Kimberly menerima uang itu di genggaman tangannya, tapi dia hanya mengernyitkan dahinya karena tak tahu dengan maksud Khaibar, sebenarnya Kimberly paham maksud Khaibar, sangat jelas penjelasan Khaibar sewaktu di dalam teleponnya kemarin. Namun, memang Kimberly sengaja untuk bertanya saja karena penasaran dengan keinginan Khaibar dan maksud serta tujuannya.
"Ini apa? Apa surat cinta? Kamu mau menembakku?" seru Kimberly dengan basa-basi menghilangkan kecanggungan yang ada di dalam hatinya. Khaibar hanya menghembuskan nafasnya dengan kasar dan lirikannya semakin menusuk ke arah Kimberly.
"Kenapa kamu melirikku seperti itu? Apa aku terlalu cantik? Mau aku colok mata kamu? Cih dasar! Cepat jelaskan semuanya! Aku sangat sibuk tau!" bentak Kimberly disertai dengan kepercayaan diri yang sungguh luar biasa. Setelah itu dia sibuk dengan mengibaskan rambutnya tepat di depan wajah Khaibar, membuat Khaibar terpesona dan sesaat ia memejamkan matanya.

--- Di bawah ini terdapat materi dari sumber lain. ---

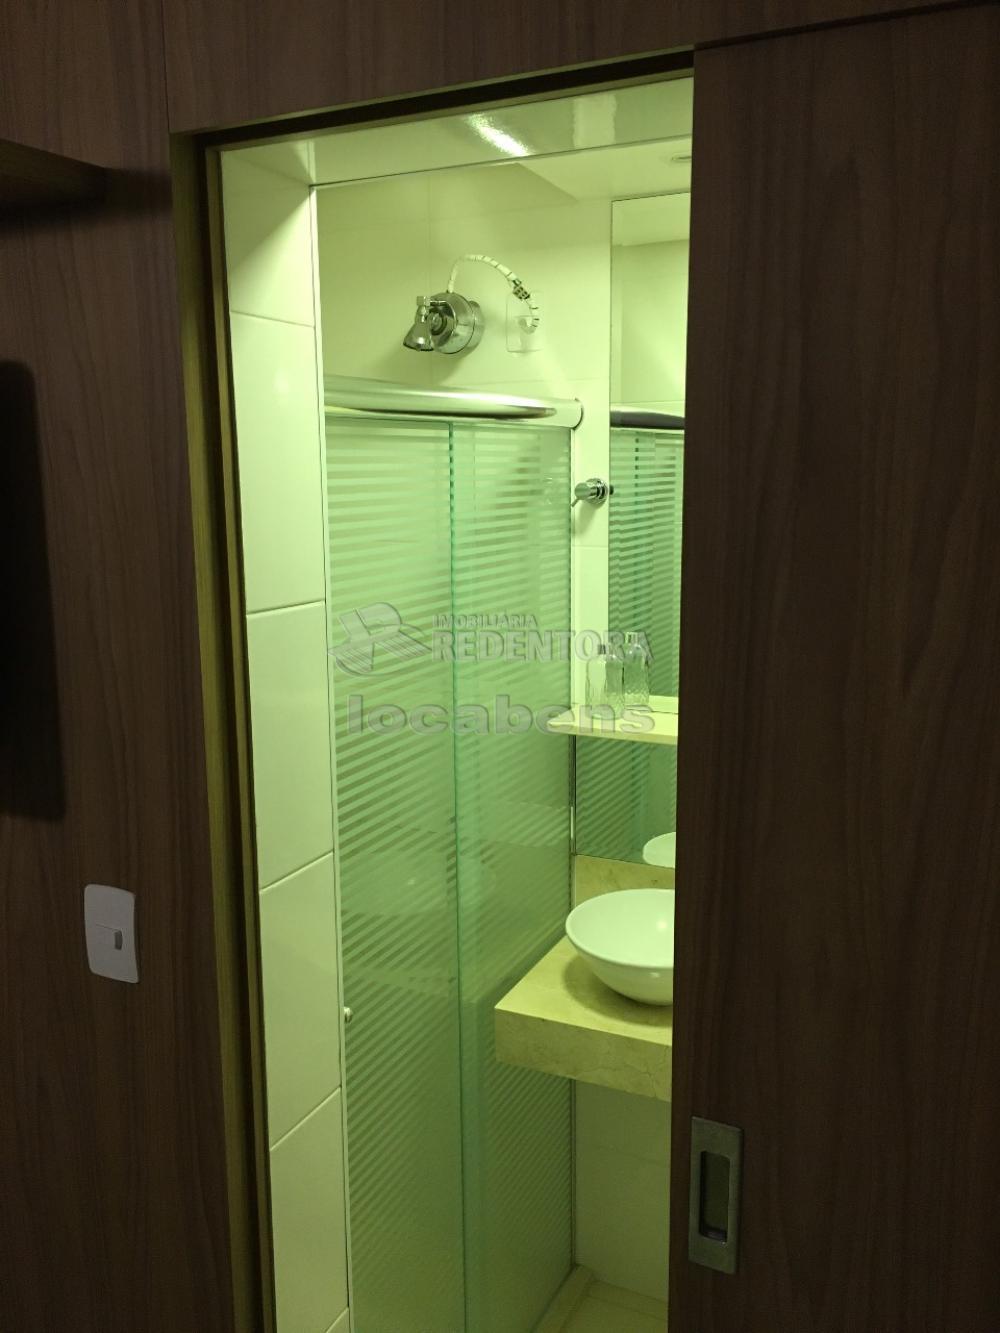 Comprar Apartamento / Padrão em São José do Rio Preto R$ 218.000,00 - Foto 24

Mencium aroma shampo di rambut Kimberly, terbuai untuk sementara waktu.
Kimberly yang melihat itu dia terkikik geli tanpa bersuara. Tangannya langsung membungkam mulutnya, sementara tangan satunya menjentikkan jari jemari ke arah Khaibar agar tersadar dan menjawab pertanyaannya. Kimberly lalu menaik turunkan alisnya untuk meminta kejelasan dari Khaibar setelah Khaibar membuka mata kembali dan menatap Kimberly dengan serius.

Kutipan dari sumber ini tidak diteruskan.